Note that Red Hat Enterprise Linux has had the ability to properly sequence filesystem bringup so that iSCSI filesystems get mounted after networking (and iSCSI) comes up for quite some time -- since Red Hat Enterprise Linux 4, circa 2004, in fact. RHEL has also had the ability to automatically bring up the iSCSI targets after networking and before mounting network file systems via their equivalent of the rc.conf system (SysV Init) since 2004. This is an area in which FreeBSD lags, and should be justifiably flamed as lagging. You should not need to write custom rc.local scripting to bring up standard parts of the FreeBSD operating system in the correct order, it should Just Work(tm) after properly setting up the rc.d dependencies and ZFS flags to make it Just Work. ZFS needs to have a pre-networking and post-network two stage bringup so that any pools not located during the pre-networking stage can be searched for during the post-networking stage, and iSCSI needs to have a its own rc.d script that brings it up at the end of the networking stage.

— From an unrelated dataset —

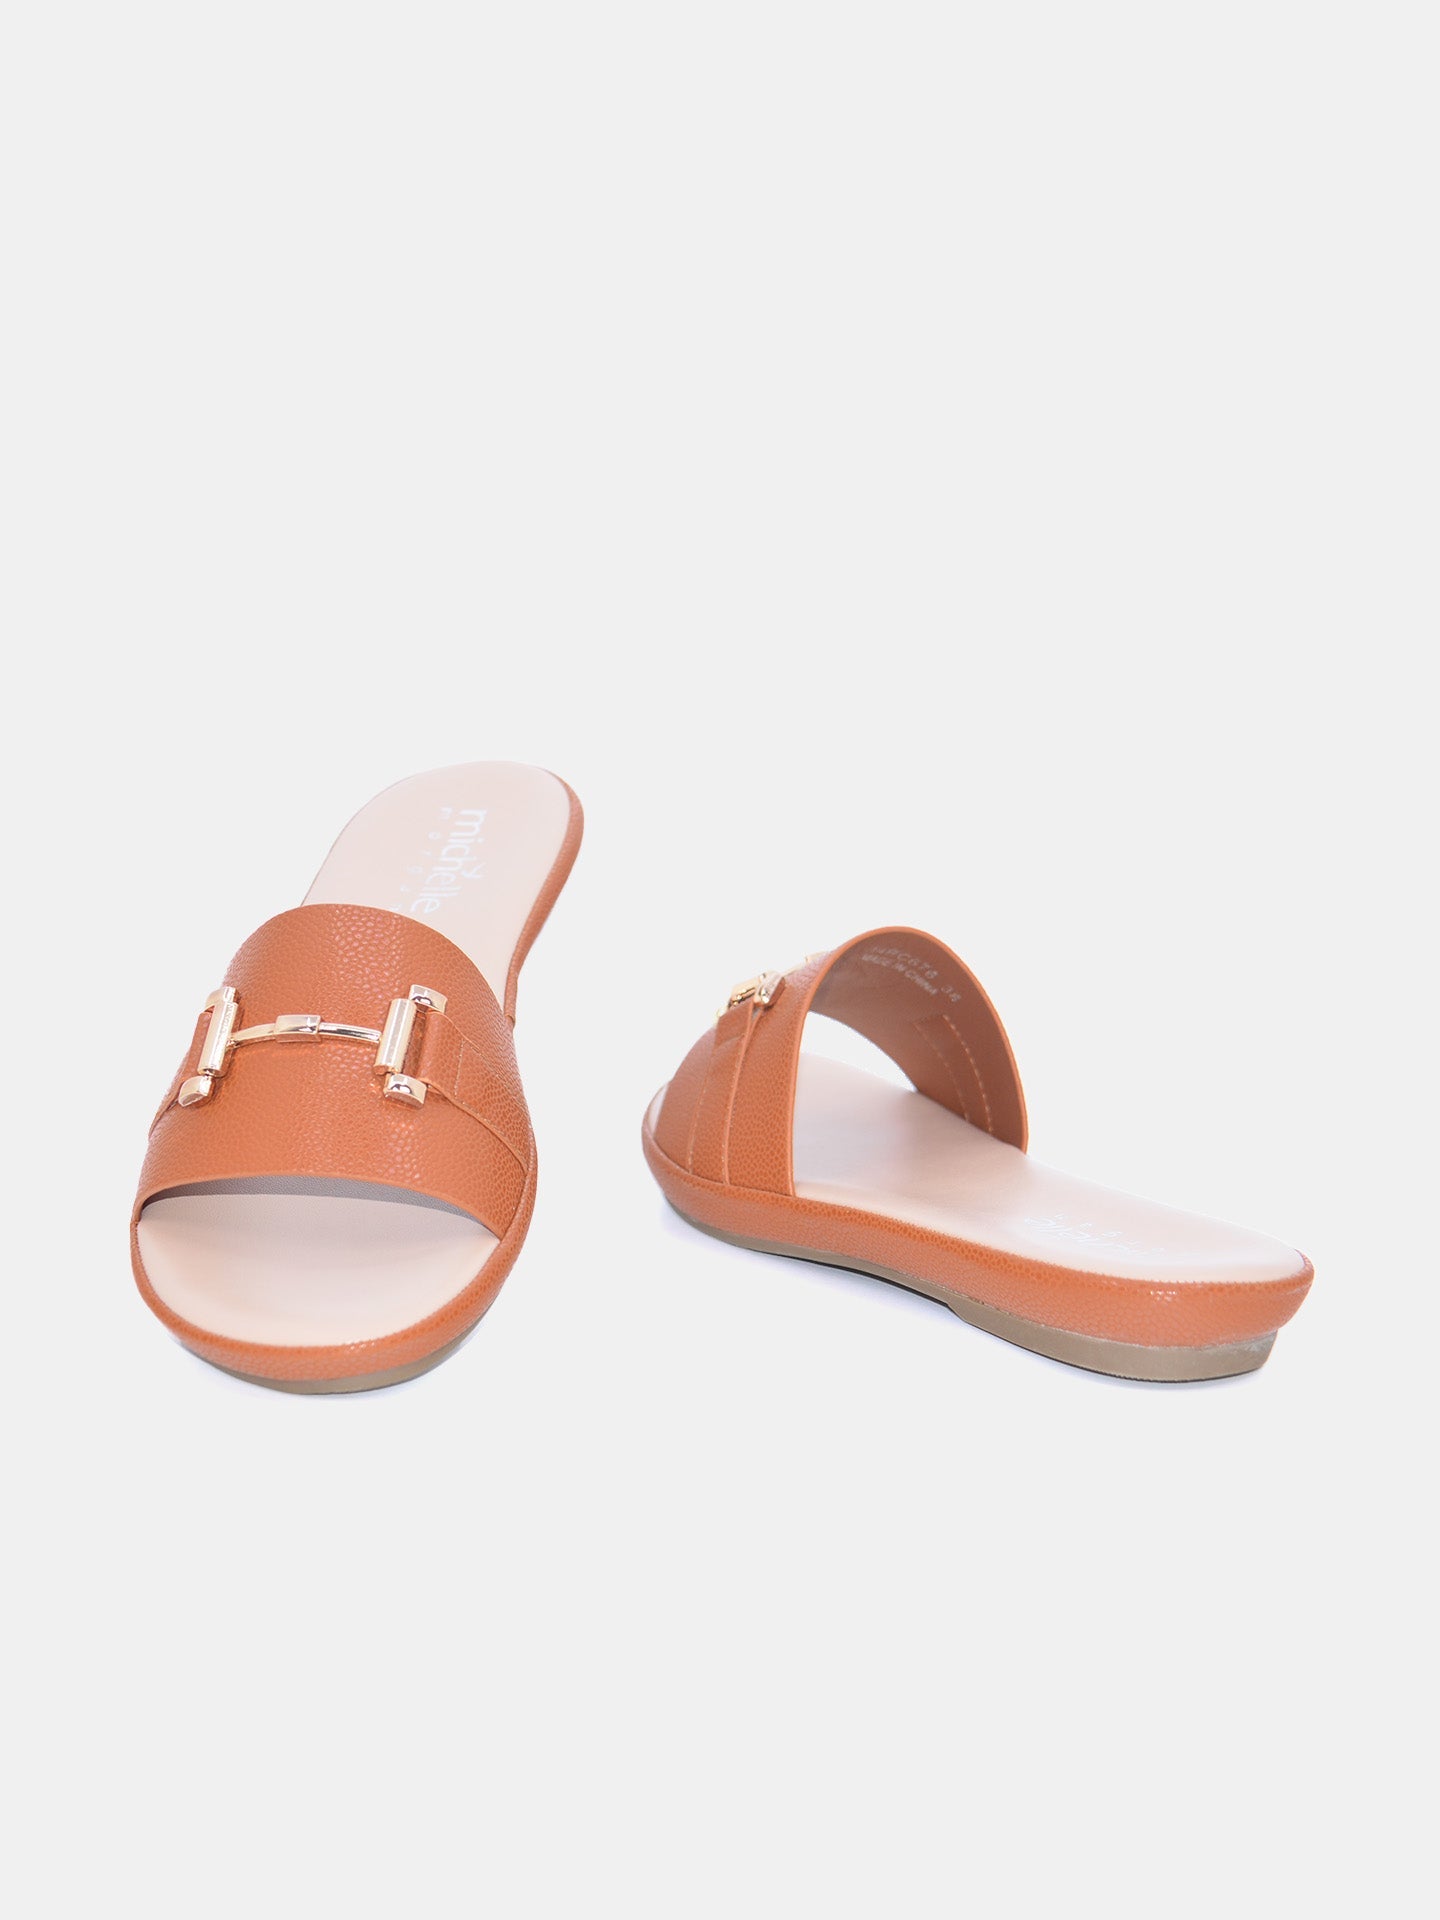 Michelle Morgan 114RC676 Women's Flat Sandals #color_Light Brown

All in all, ZFS on FreeBSD is working for me in my test deployment in my IT infrastructure, but it's not as seamless as I had hoped. When I look for IT technology I look for something that Just Works(tm). ZFS on FreeBSD would Just Work(tm) if I were using DASD's, but since I'm using network-attached storage, it's more of an erector set scenario than I'd like.

Thursday, June 14, 2012

ZFS -- the killer app for FreeBSD?

Okay, so here's my issue. I have two iSCSI appliances. Nevermind why I have two iSCSI appliances, they were what was available, so that is what I'm using. So I want my backups mirrored between them. Furthermore, I want my backups to be versioned so I can access yesterday's backup or last month's backup without a problem. Furthermore, I want my backups to look like complete snapshots of the system that was backed up as of that specific point in time. Furthermore, because my data set is highly compressible in part and highly de-duplicable in part, I want it compressed as necessary and dedupe'ed as necessary.

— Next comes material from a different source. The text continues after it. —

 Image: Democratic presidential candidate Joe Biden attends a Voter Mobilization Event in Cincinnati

So, how can I do this with Linux? Well... there is a LUFS version of ZFS that will sort of, maybe, do it in a way that regularly loses data and performs terribly. There is BTRFS which is basically a Linuxy re-implementation of ZFS that does compression but not deduplication, and which is still very much a beta-quality thing at present, they didn't even have a fsck program for it until this spring. And ... that's it. In short, I can only do it slowly and buggy.

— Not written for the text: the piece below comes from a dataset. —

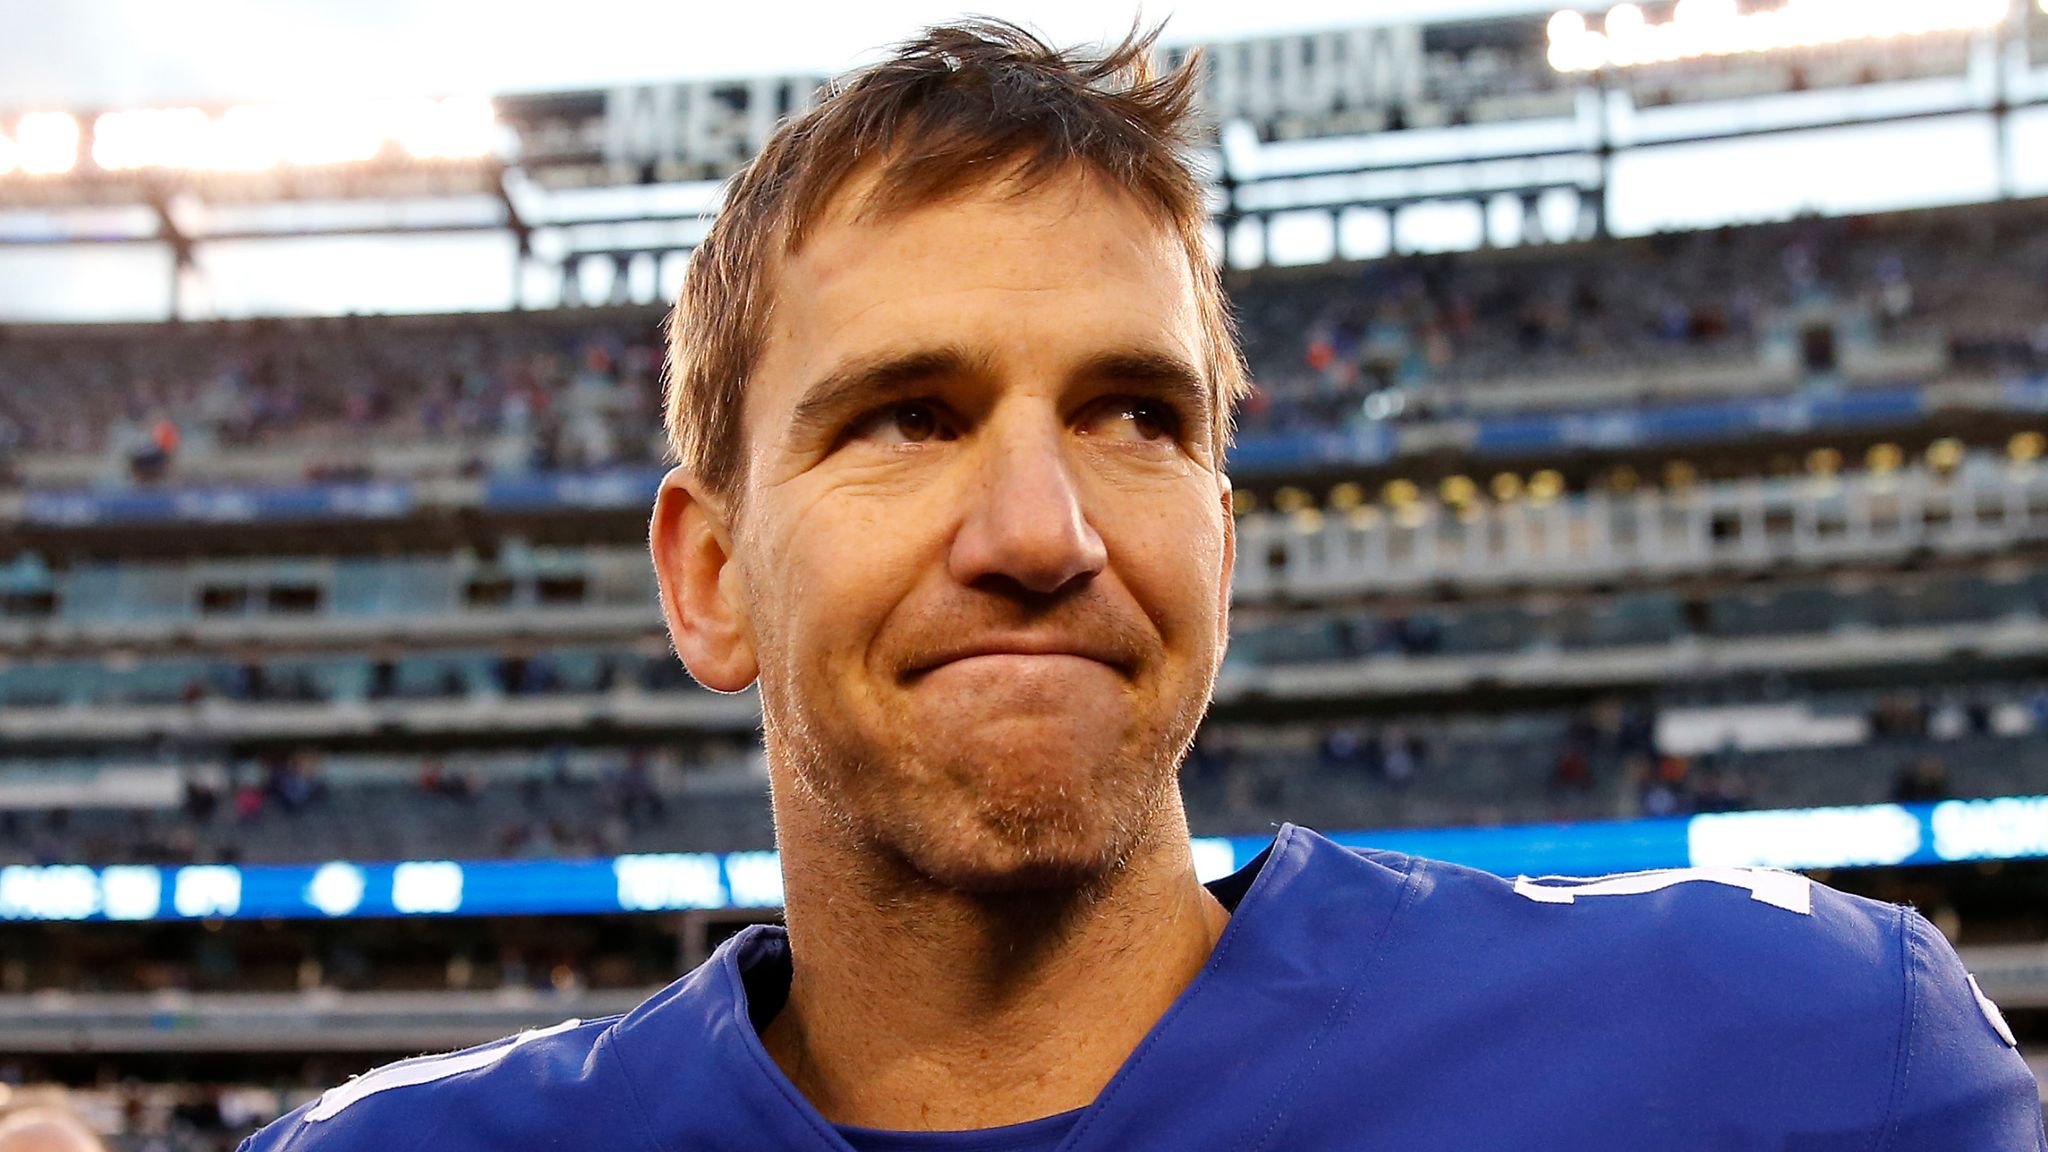 New York Giants QB Eli Manning retiring from NFL

So at present I have a FreeBSD virtual machine in my infrastructure happily digesting backups and bumping the snapshot counter along. And ZFS is a first-class citizen in FreeBSD land, not a castaway in LUFS-land like on Linux. I'd love to use BTRFS for this. But BTRFS today is at about the same stage as ZFS on Solaris in 2005, when it was an experimental feature in OpenSolaris, or ZFS on FreeBSD in 2008 when the first buggy port was released. ZFS on FreeBSD is stable and rock solid today, and BTRFS, realistically, isn't going to be stable and rock solid for another three or four years at least.

So if you haven't investigated ZFS on FreeBSD to manage large data sets in a versioned, compressed, and deduplicated fashion, perhaps you should. It solves this problem *today*, not a half decade from now. And a bird in hand is worth a dozen in four years.